Palestinian-American activist Ali Abunimah sounded a similar note. “One of the advantages of this forum is to be able to speak in person with people that I know from afar. But many were prevented from coming, due to the discriminatory politics of the Canadian government.”
Carminda Mac Lorin, WSF co-organizer, had anticipated this problem.
“We supported approximately 2,000 people during the visa application process, and following a survey of about 300 people we found there was a 60 per cent refusal rate,” Mac Lorin explained. “We find this absurd that commercial goods can move about more freely than people who are activists for human rights.”

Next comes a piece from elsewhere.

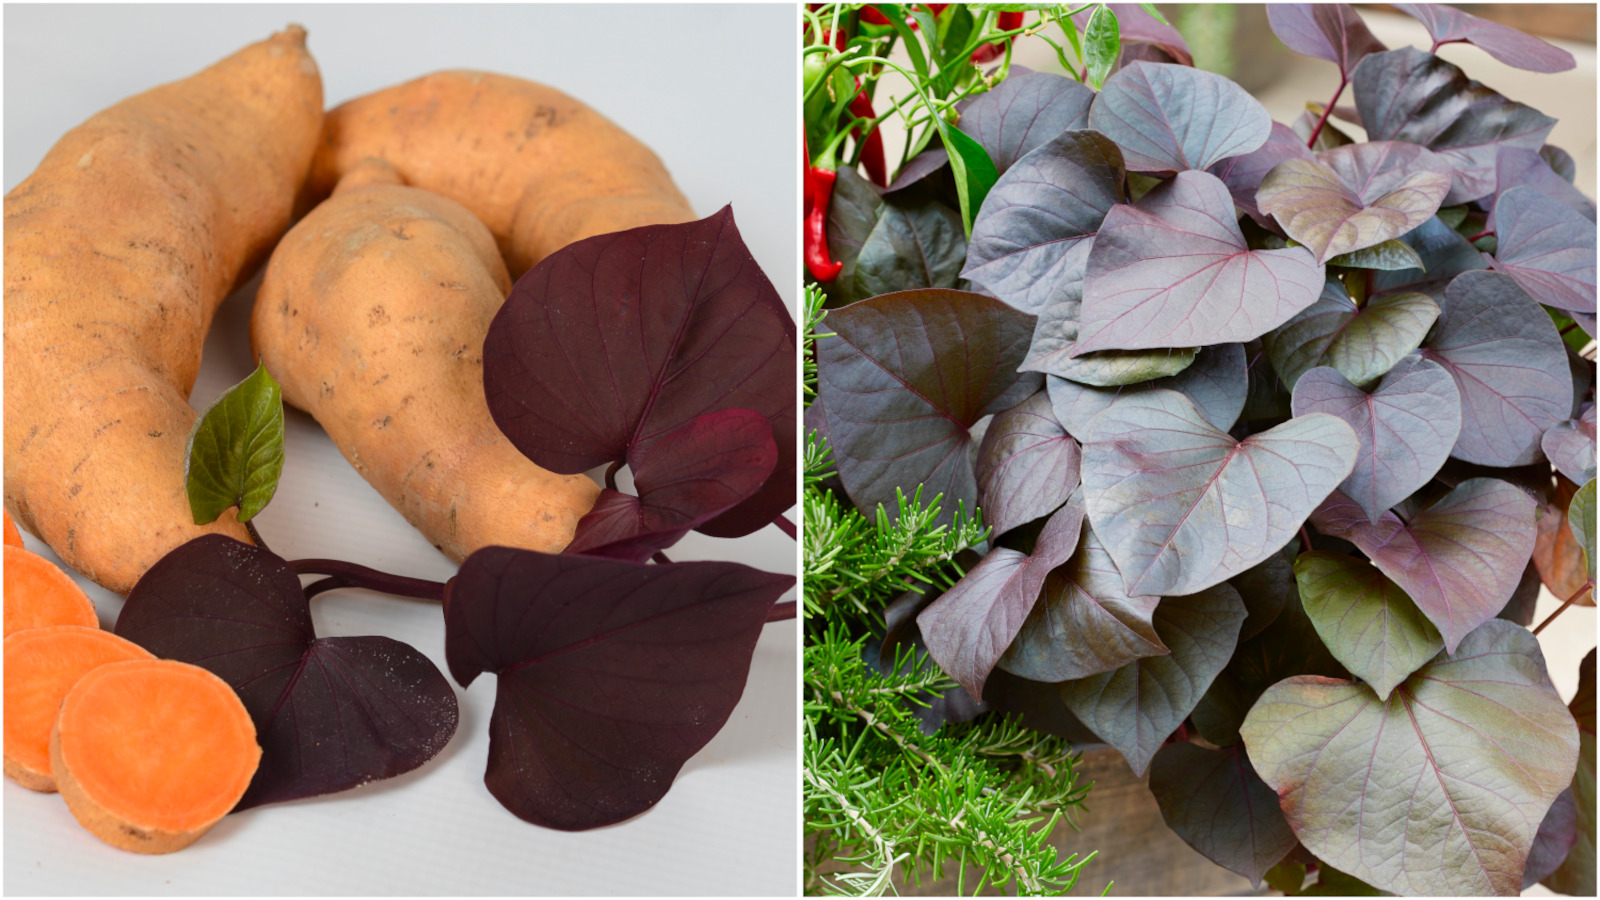 Potato Vines Colorful and Edible 4 pc. - All Purple

The International Council of the Forum may issue a resolution denouncing the Trudeau government for these refusals, indicated WSF co-organizer Raphaël Canet.
The organizers also faced some criticism with respect to the relative absence of Black activists, including those from the Black Lives Matter movement.

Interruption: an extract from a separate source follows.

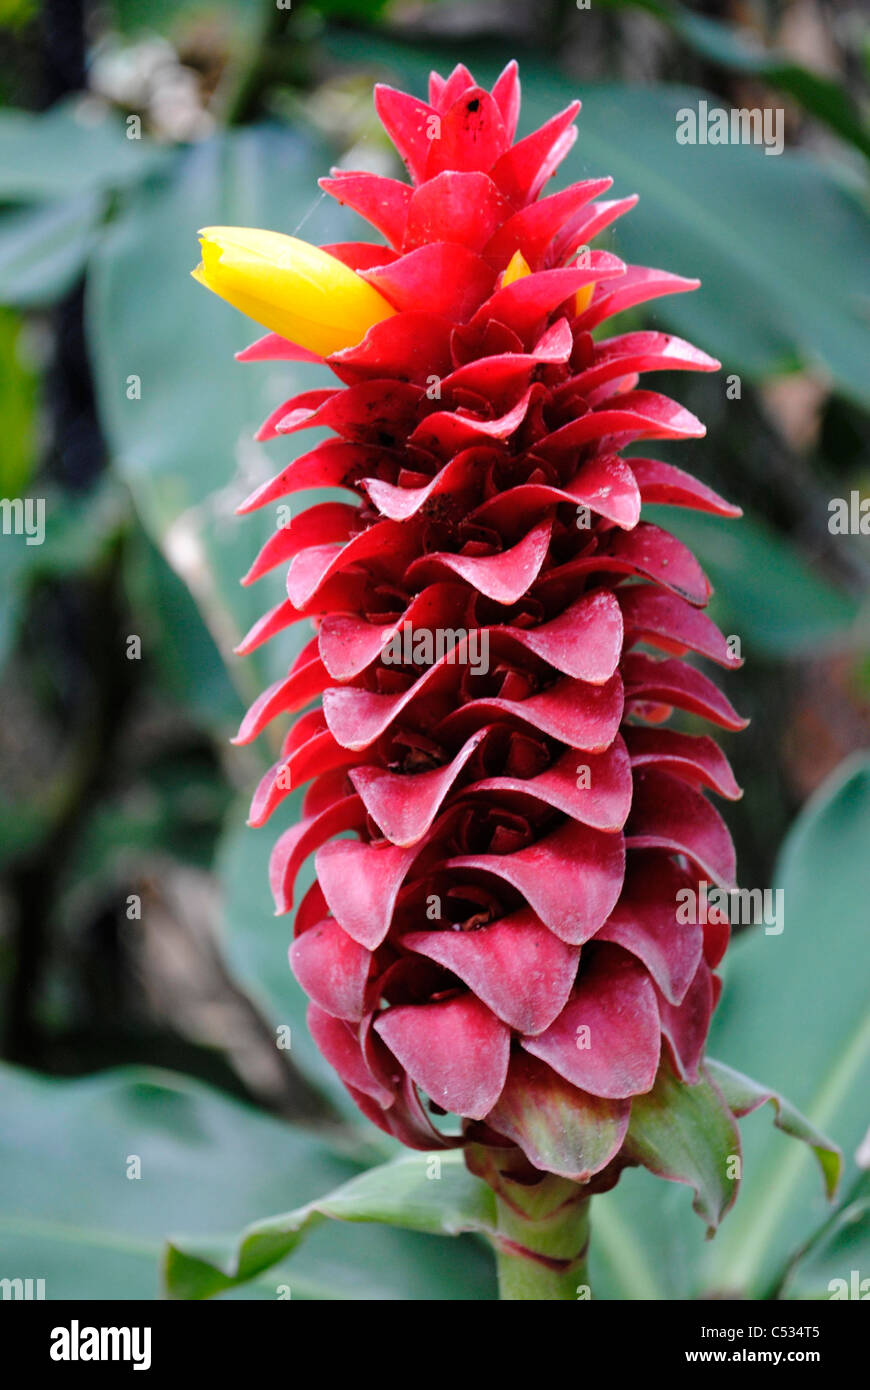 Spiral Ginger Latin name Costus barbatus flower Stock Photo

Mac Lorin noted that a parallel forum on issues of race, Hoodstock, took place in Montréal-Nord during the WSF. Hoodstock was not included in the official list of parallel events, however, because collaboration had not been established in time, according to the organizing group. “If other groups were not included, it is because they did not propose themselves,” added Mac Lorin.
Many conferences organized by autonomous committees were cancelled without notice, notably a session of the Green Party USA’s presidential candidate Jill Stein, which was scheduled for the first morning of the WSF.
“It’s too bad that many planned workshops did not take place,” said Heather, an environmental activist from Victoria, B.C. “However, after one of my workshops was cancelled, I discovered another conference on First Nations land claims, and it was really interesting.”
Convergence of struggles
Despite the hiccups and the disagreements, a great many delegates said they found exactly what they were looking for at the WSF, which brought together activists from dozens of different milieus, notably anti-extractivist groups, Indigenous rights organizers, feminists, and Palestine solidarity activists, among others.
“The World Social Forum is very important for the way it facilitates the convergence of struggles,” said Massa Koné, who was attending from Mali.
“In my country, I’m fighting for the rights of people who have lost their land to profiteering multinational mining corporations. Here, I was able to take part in a conference put on by the brothers and sisters of Front d’action populaire en réaménagement urbain [a Quebec collective for housing rights], which gave me hope and reassured me of the fact that it’s possible to demand the right to housing.”
Back to the future
The dates and location of the next WSF will be determined in the near future by the International Council of the Forum. Just as the cities of Tunis and Porto Alegre have hosted more than one Forum, it’s not out of the question for Montreal to play host a second time.
In the meantime, local struggles have been reinforced, according to Raphaël Canet.
“Groups were able to talk and make larger coalitions than what would have been possible to do otherwise, creating links between environmental struggles and the struggles of workers, and so forth. The Forum reinforced civil society in Quebec and encouraged the participation of Quebecers.”
A final assessment of the work accomplished by the WSF will be published online in the next month.